Barkley is a business strategy firm that specializes in Millennial consulting. Its partners include major CPG firms such as Cargill and Hershey.
“A lot of healthy snacks with confectionery attributes are really growing [among millennials],” Hanna said.
But the stigma about healthy snacking, which it tends to be more expensive than regular treats, drives a certain amount of Millennials away.
“That’s going to be a continued concern. We call it ‘the demoralization of food’ where Millennials are so used to getting things for less… the food industry is really still behind. We’re looking to work with manufacturers to add more value and not price [to their products],” Neren said.
“We do a lot of conjoint studies and we found out which claims consumers are willing to pay for, and many of those claims actually don’t add cost,” he claimed. “A lot of them are ingredients-based, sourcing chocolate, even getting into quality grades.”
Neren added the “craft mentality,” largely observed in the beer market, is an up-and-coming trend for Millennial chocolate consumers.
How to target millennials online?
Market researchers at the conference also said that targeting Millennials via e-commerce can be challenging, because it is hard to create an exciting experience.
VP of merchandising at Dylan’s Candy Bar, Kristin Anderson, said at a panel discussion that personalization, such as customized candy selection and adding video content, can help e-commerce business growth.

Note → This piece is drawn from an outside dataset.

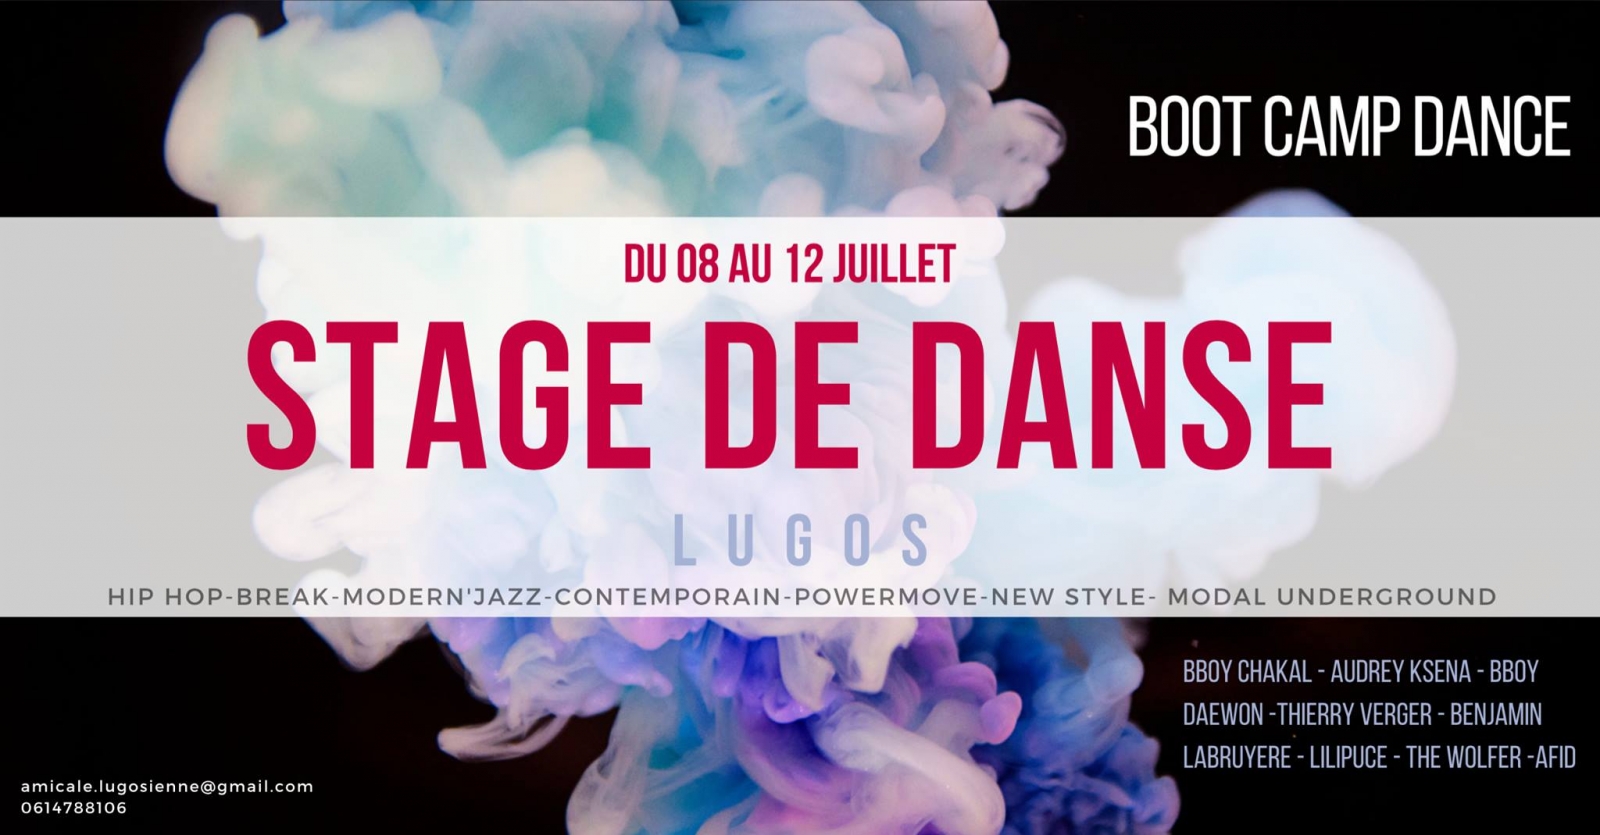 Stage de Danse Lugos 2019 poster
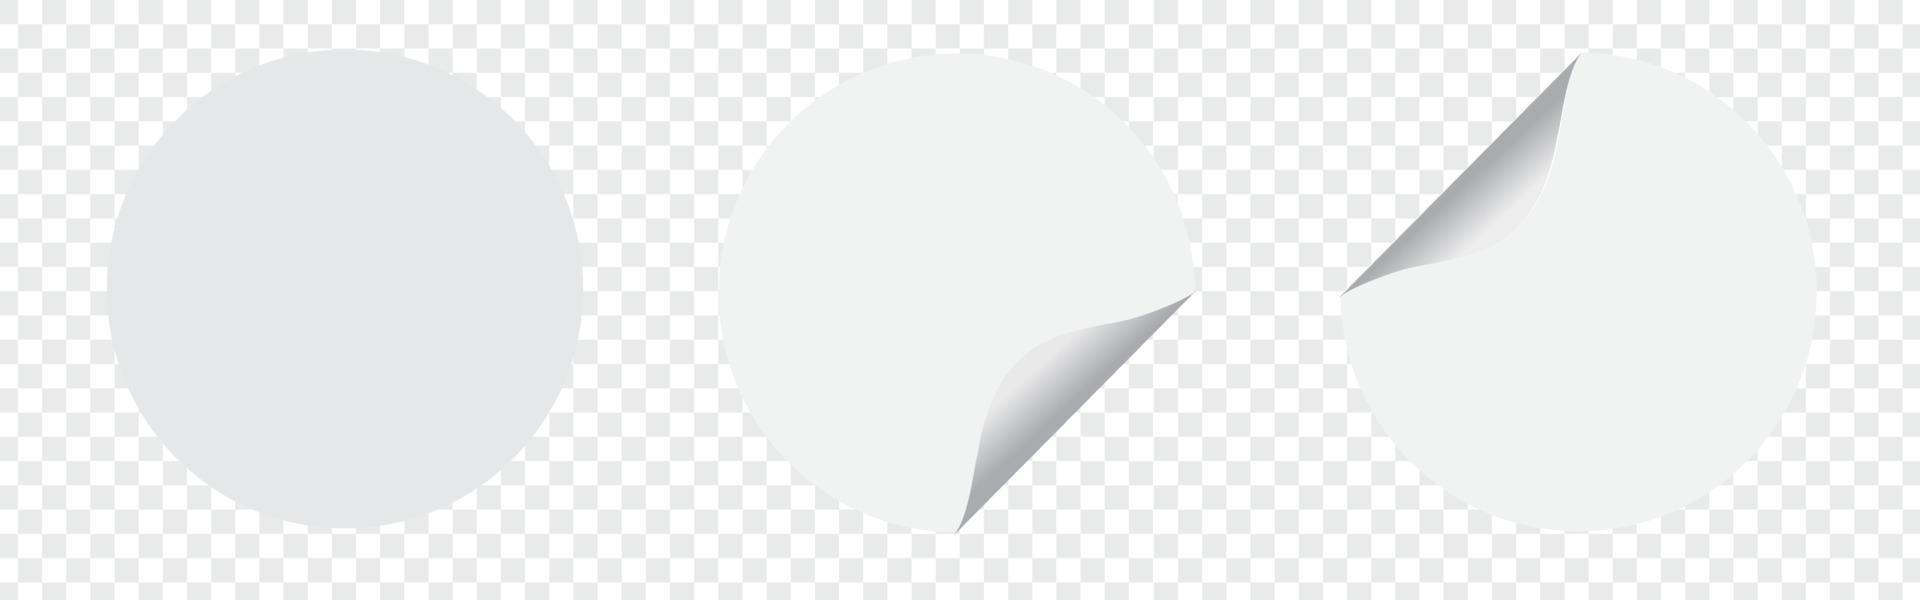 set witte ronde papieren zelfklevende stickers mockup met gebogen hoek en schaduw. witte ronde sticker op transparante achtergrond vector

This site previously reported independent candy retailer, It’s Sugar, has been driving impulse purchasing online by pairing relevant products through consumer data research. The company said it updated its web content daily to create “instant gratification” for consumers.
CEO of It’s Sugar, Jeff Rubin, also told ConfectioneryNews during a networking session that e-commerce still plays a small role in his business, but he has decided to look for new strategies to boost this part of the sales in 2017.